» **What the exercise asks**
Return, exactly and in full, the lines of the records below starting at the one with "Bertrand Fournier, Strawberry Milk, 2019" and ending at the one with "Baader SC /", and no other lines.

» **Exercise input**
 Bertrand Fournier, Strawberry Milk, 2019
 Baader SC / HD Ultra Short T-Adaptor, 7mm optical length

...

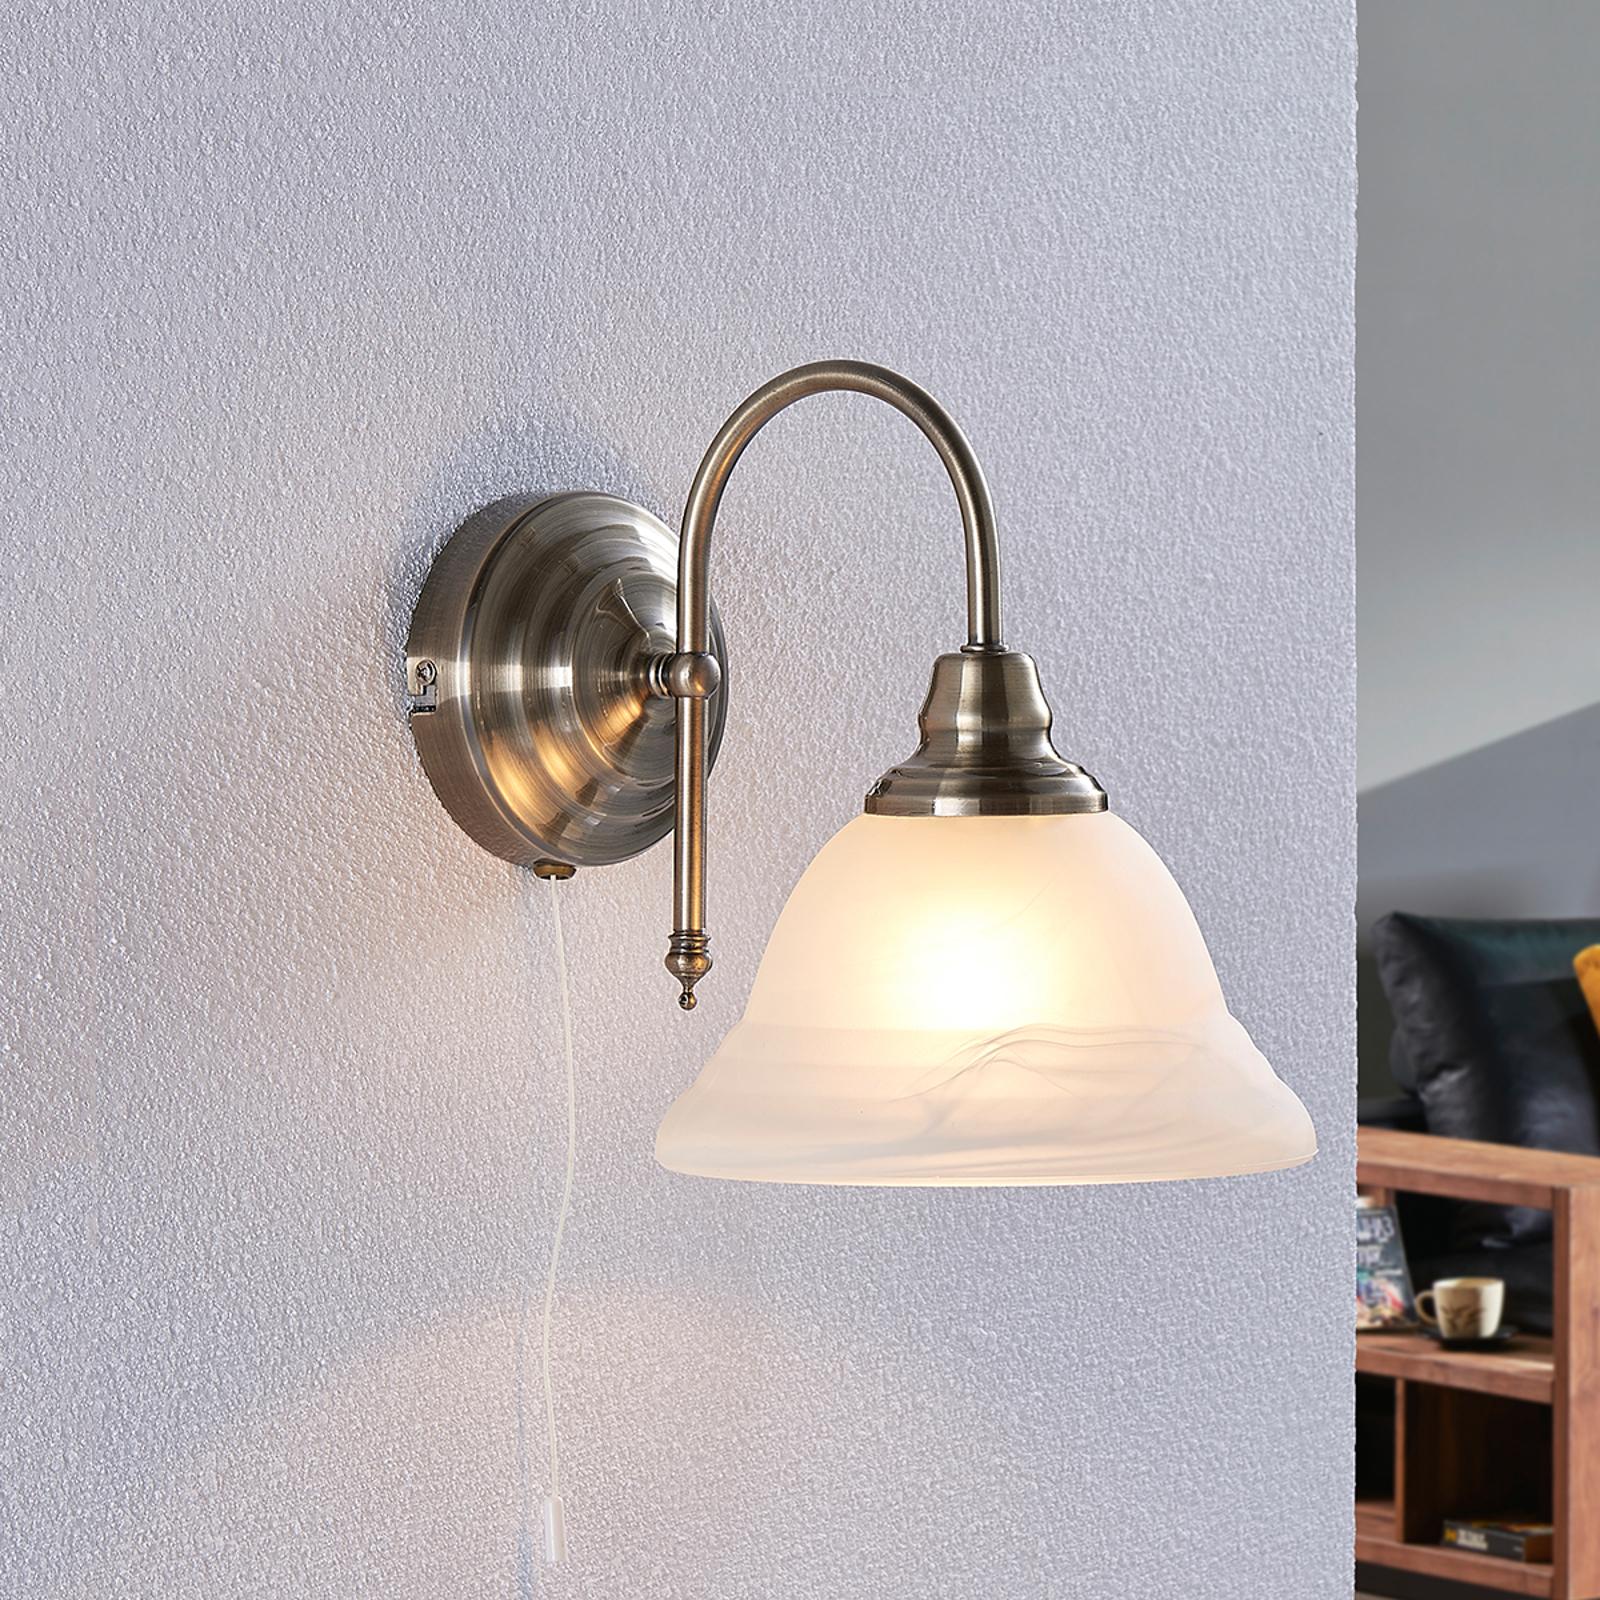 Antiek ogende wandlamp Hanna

» **Solution to this task**
 Bertrand Fournier, Strawberry Milk, 2019
 Baader SC / HD Ultra Short T-Adaptor, 7mm optical length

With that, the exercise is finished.